(Beginning of DATASET CONTENT)
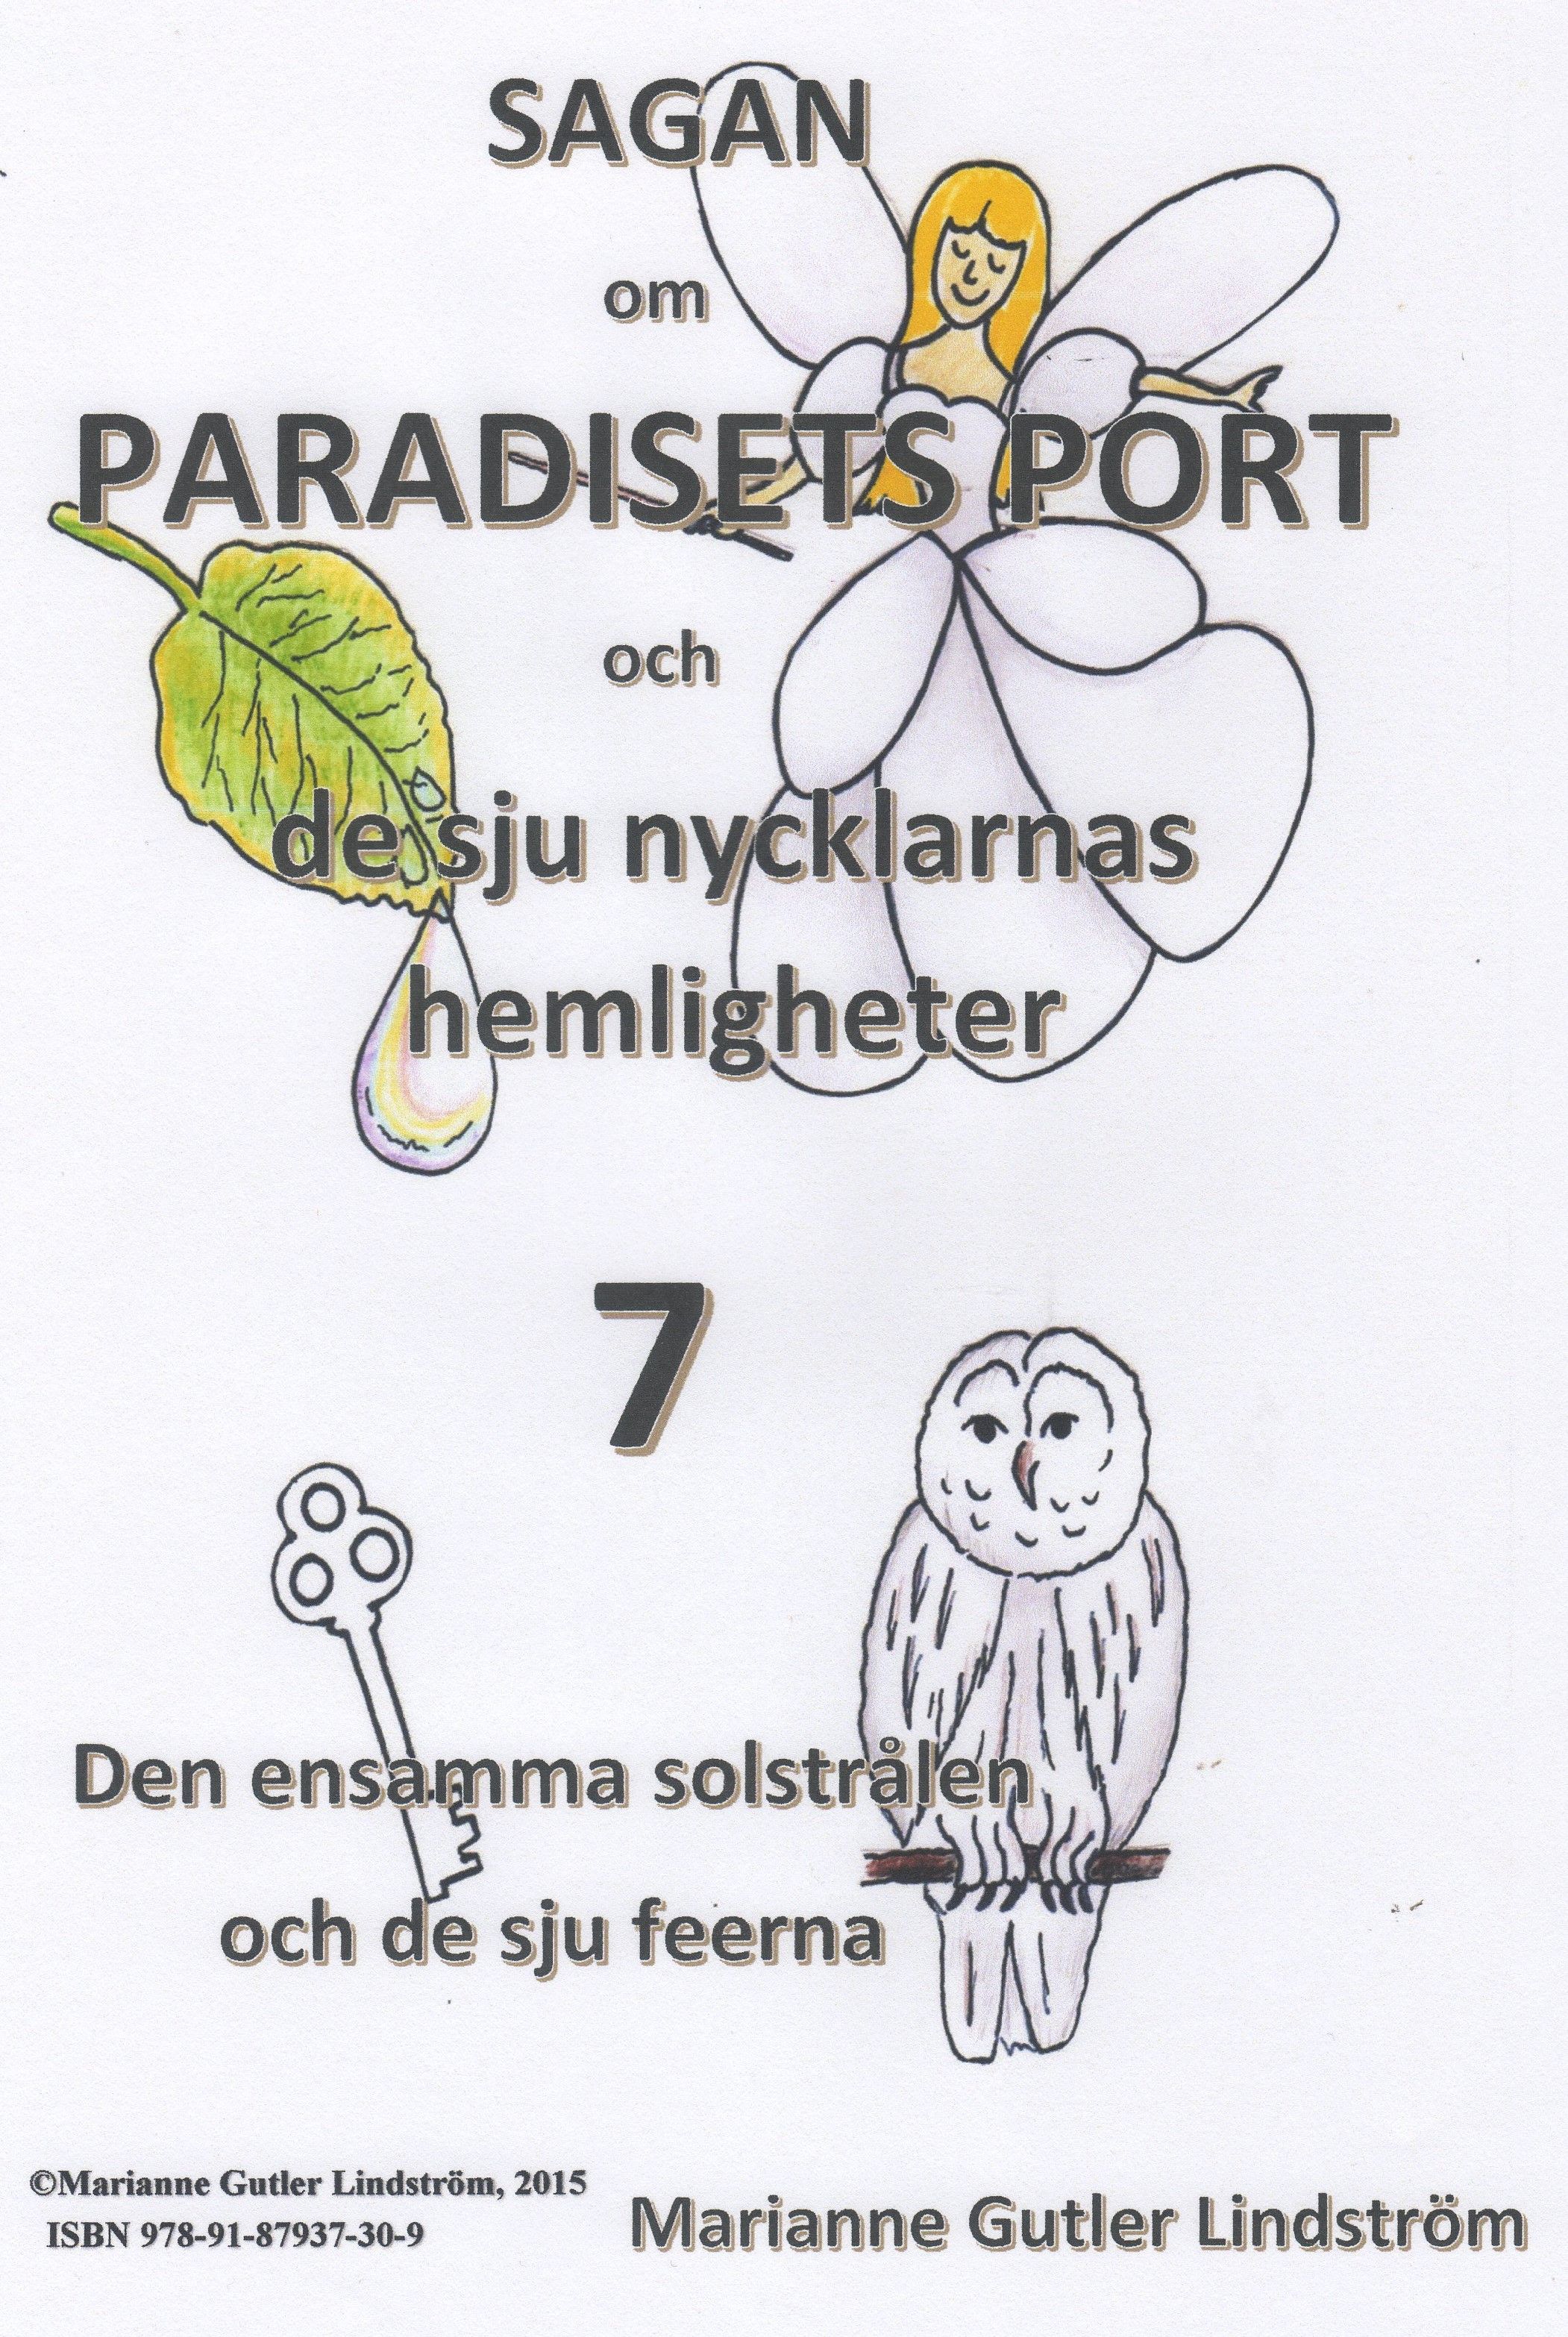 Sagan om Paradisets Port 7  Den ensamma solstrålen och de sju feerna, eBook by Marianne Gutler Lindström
(End of DATASET CONTENT)
(Beginning of DATASET CONTENT)
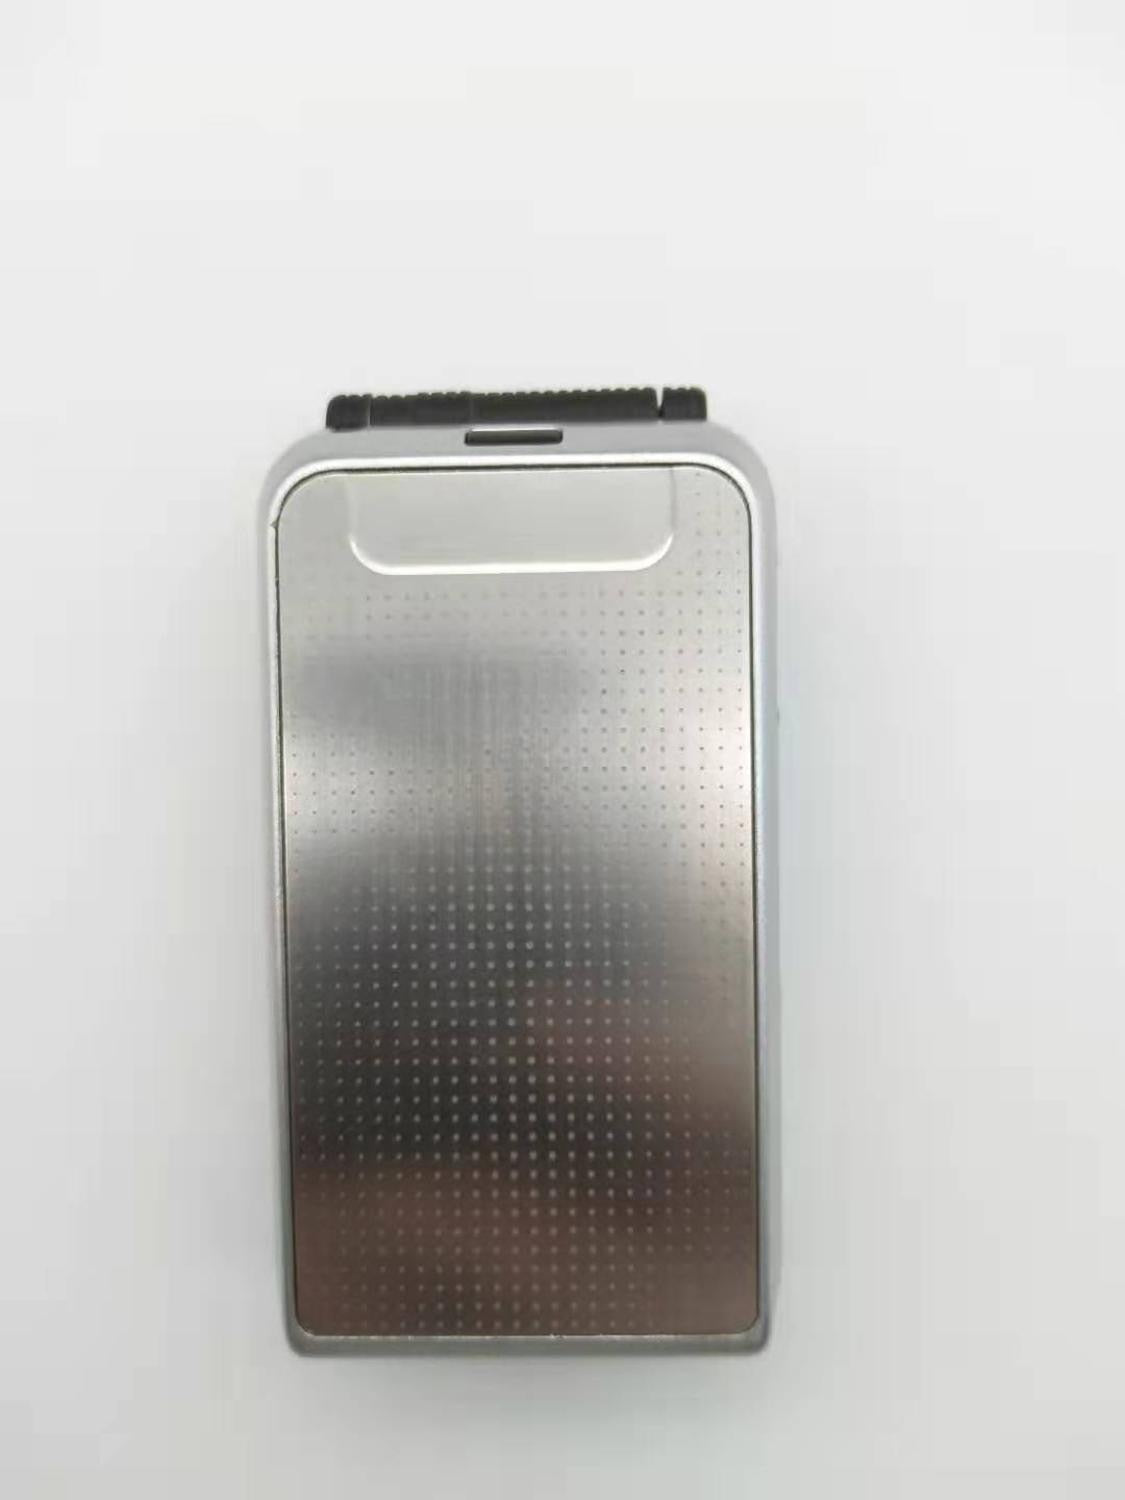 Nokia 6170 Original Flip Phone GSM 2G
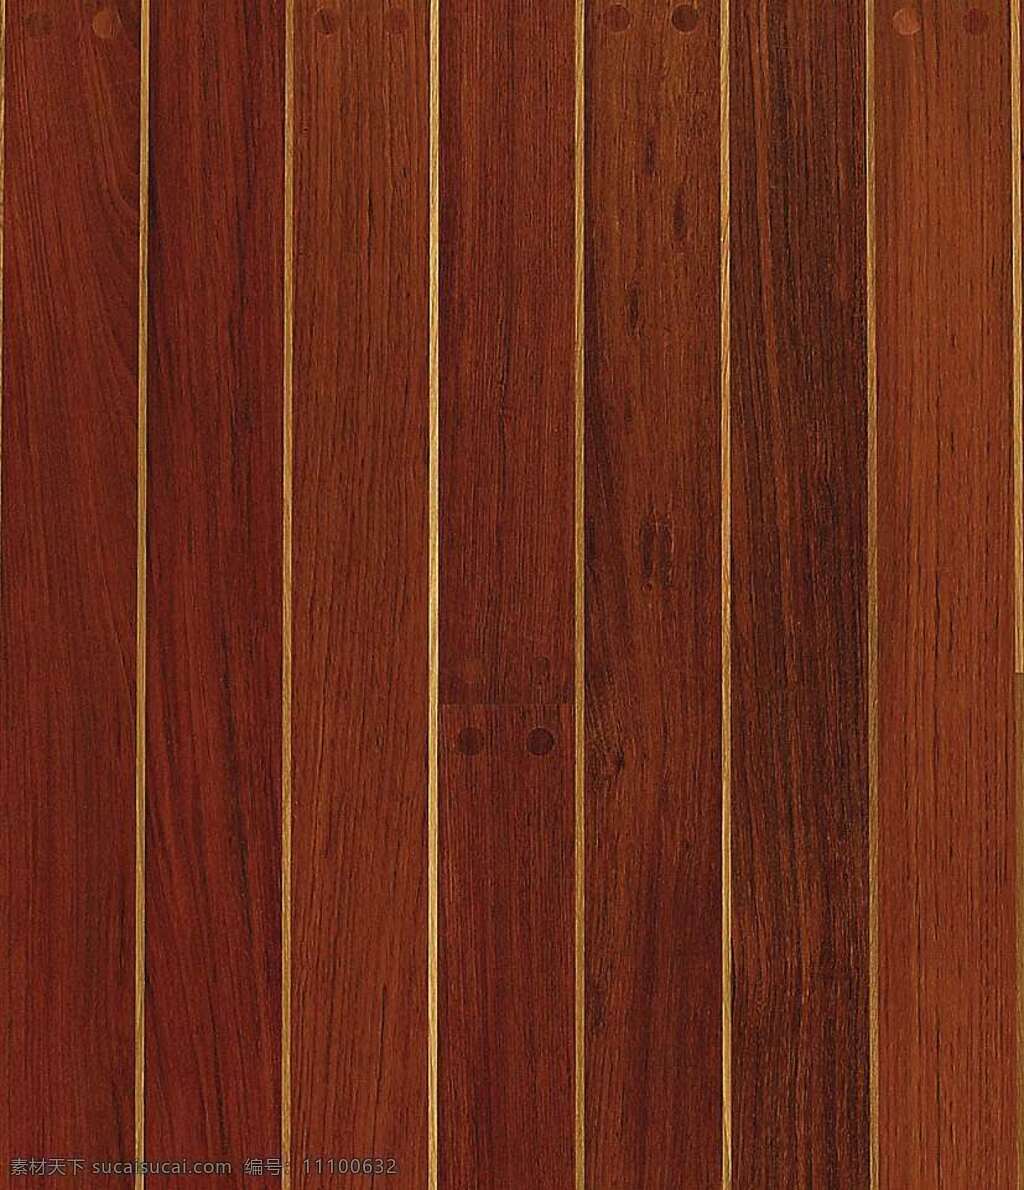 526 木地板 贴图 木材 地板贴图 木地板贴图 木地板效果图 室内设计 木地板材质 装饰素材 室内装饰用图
(End of DATASET CONTENT)
(Beginning of DATASET CONTENT)
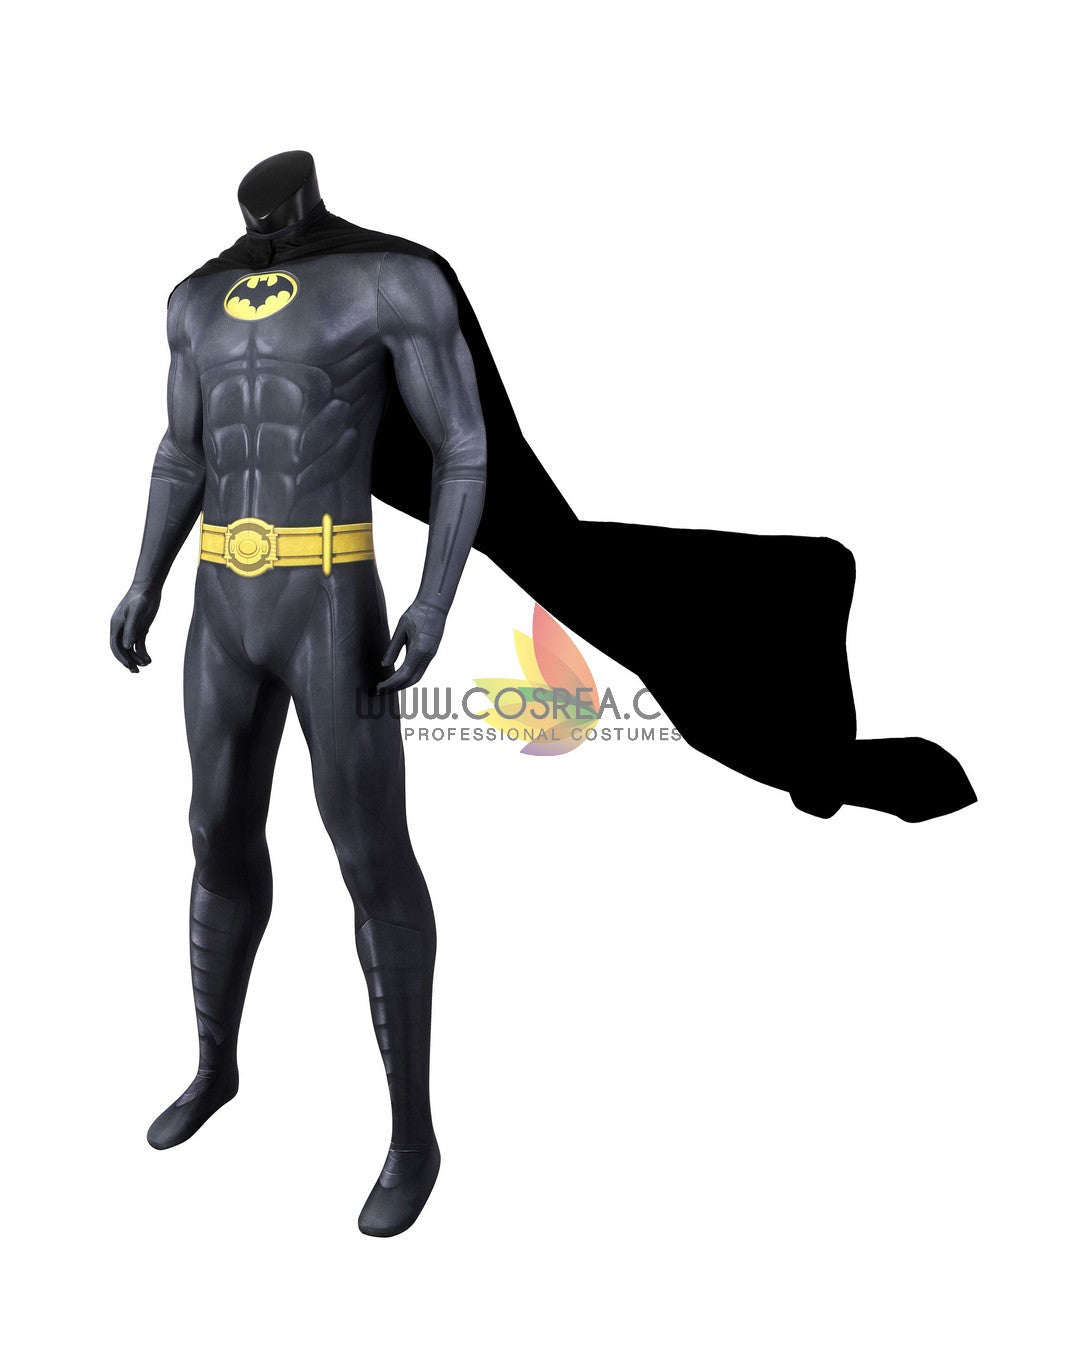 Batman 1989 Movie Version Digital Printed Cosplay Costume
(End of DATASET CONTENT)
What is needed is an exact copy of the lines above from the one with "Nokia 6170 Original Flip Phone GSM 2G" to the one with "526 木地板 贴图 木材", both ends kept, and nothing more; please leave the pictures out.

 Nokia 6170 Original Flip Phone GSM 2G
 526 木地板 贴图 木材 地板贴图 木地板贴图 木地板效果图 室内设计 木地板材质 装饰素材 室内装饰用图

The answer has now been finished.